Recursive logistic regression merge

Question

I need to make regression on big amount of data, each row have around 1000 features. Did will outcome will be same or better when i make 4 separate regressions of 250 features and after that i will make one regression that will have 4 features equal to underlying regression outputs?

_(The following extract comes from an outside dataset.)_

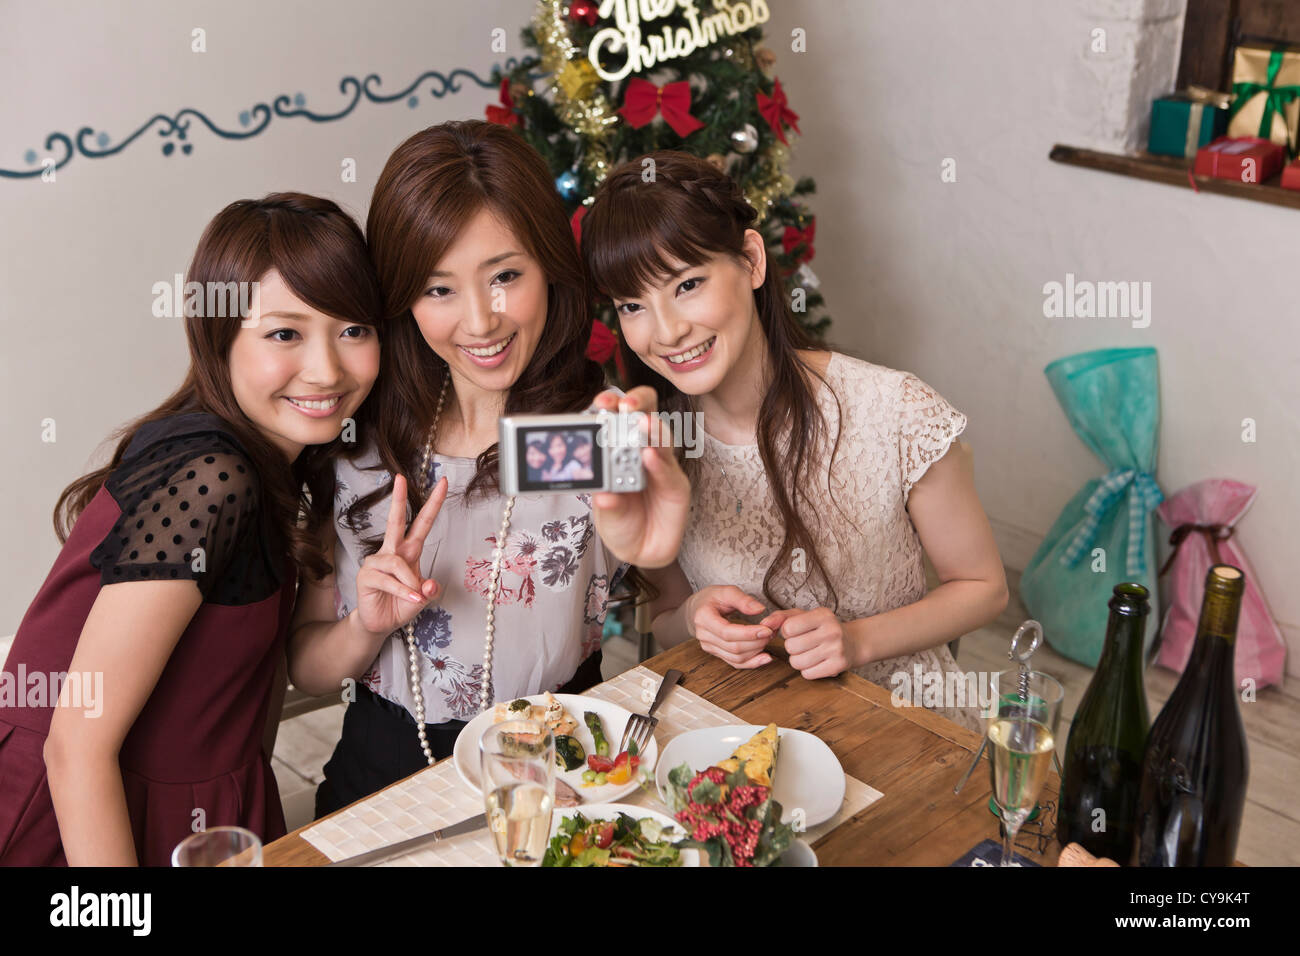 Three Young Women Taking Photograph with Digital Camera at Christmas Party Stock Photo

I can't make one regression on all features because coefficient learning algorithm using to much memory.

General known solution:

$ Y' = sigmoid(X*\beta) $

My take:

$ X' = $\begin{bmatrix} Y_1' = sigmoid(X_{1-250}*\beta_1) \\\ Y_2' = sigmoid(X_{251-500}*\beta_2) \\ Y_3' = sigmoid(X_{501-750}*\beta_3) \\ Y_4' = sigmoid(X_{751-1000}*\beta_4)\end{bmatrix} $ Y'' = sigmoid(X'*\beta) $

I'm asking about differences/relationships between $Y'$ and $Y''$.

Rows (observations) around 100 000 000, features 1000 ($Length[X]$)

Sorry for bad formatting in equations, I'm not a MathJax master.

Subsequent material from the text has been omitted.